WHAT YOU HAVE TO DO: Return only that part of the material below which starts with the line containing "Eivissa Single Sink" and goes on through the line containing "North Somerset Local", restated exactly.

START DATA TO PROCESS

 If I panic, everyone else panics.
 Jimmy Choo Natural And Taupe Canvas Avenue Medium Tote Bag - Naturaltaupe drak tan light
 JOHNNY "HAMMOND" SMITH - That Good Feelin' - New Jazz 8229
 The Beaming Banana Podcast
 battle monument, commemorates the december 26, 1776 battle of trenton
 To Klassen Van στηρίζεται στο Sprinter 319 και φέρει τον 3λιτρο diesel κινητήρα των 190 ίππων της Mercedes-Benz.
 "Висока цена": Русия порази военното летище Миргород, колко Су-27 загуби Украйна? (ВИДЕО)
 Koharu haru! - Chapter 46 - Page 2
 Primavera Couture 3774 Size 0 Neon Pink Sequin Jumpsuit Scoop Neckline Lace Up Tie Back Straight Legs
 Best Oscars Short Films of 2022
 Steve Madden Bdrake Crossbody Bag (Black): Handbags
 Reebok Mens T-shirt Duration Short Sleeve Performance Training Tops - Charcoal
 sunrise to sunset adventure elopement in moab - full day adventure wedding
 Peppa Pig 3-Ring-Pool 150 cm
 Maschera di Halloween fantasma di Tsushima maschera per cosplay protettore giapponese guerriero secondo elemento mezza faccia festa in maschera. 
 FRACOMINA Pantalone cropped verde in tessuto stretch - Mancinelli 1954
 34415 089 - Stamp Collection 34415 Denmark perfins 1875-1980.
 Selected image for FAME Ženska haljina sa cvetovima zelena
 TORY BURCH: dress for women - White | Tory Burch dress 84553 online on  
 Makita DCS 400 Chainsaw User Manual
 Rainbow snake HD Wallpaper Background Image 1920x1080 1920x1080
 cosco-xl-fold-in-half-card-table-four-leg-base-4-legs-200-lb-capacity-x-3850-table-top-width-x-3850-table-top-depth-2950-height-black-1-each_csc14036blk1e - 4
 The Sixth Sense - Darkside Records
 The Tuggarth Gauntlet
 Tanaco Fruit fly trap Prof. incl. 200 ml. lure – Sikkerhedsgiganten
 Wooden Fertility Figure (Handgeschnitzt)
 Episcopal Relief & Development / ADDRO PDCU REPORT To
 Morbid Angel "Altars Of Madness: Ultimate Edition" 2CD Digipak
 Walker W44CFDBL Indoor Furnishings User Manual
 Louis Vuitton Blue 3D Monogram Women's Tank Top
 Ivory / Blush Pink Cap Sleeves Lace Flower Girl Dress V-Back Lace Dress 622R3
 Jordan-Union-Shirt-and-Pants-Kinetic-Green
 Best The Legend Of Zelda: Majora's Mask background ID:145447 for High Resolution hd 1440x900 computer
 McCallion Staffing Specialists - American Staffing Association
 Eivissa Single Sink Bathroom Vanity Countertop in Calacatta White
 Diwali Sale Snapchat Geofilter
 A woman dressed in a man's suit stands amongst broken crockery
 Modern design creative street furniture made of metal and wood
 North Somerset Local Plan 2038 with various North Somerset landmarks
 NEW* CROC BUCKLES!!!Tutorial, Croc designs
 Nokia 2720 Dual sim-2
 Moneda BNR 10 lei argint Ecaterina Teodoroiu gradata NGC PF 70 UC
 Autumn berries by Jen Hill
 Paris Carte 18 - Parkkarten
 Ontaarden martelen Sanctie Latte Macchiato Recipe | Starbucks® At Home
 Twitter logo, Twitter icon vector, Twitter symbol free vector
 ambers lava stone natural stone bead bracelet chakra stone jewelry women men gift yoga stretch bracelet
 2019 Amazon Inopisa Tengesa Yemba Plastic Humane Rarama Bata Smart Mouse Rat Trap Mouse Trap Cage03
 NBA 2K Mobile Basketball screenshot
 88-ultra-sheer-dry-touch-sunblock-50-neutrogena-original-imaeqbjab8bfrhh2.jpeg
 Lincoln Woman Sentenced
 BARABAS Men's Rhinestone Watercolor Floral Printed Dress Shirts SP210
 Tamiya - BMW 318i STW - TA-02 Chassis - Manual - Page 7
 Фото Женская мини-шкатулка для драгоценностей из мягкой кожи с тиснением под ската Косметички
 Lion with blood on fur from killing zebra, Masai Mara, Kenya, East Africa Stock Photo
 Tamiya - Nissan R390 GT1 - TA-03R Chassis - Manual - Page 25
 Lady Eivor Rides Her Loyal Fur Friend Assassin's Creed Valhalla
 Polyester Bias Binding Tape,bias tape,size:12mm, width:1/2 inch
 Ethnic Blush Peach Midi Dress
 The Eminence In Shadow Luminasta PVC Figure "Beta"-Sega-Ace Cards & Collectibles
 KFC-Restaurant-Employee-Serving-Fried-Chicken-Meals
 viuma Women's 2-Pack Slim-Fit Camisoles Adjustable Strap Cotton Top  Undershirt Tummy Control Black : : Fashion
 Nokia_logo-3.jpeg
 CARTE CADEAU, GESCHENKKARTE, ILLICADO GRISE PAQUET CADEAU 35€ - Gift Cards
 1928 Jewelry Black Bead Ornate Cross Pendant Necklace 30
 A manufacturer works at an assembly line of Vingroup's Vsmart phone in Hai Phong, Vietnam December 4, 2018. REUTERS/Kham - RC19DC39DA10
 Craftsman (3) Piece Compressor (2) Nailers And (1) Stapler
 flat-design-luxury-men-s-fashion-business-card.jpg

END DATA TO PROCESS

RESULT OF THE EXERCISE:
 Eivissa Single Sink Bathroom Vanity Countertop in Calacatta White
 Diwali Sale Snapchat Geofilter
 A woman dressed in a man's suit stands amongst broken crockery
 Modern design creative street furniture made of metal and wood
 North Somerset Local Plan 2038 with various North Somerset landmarks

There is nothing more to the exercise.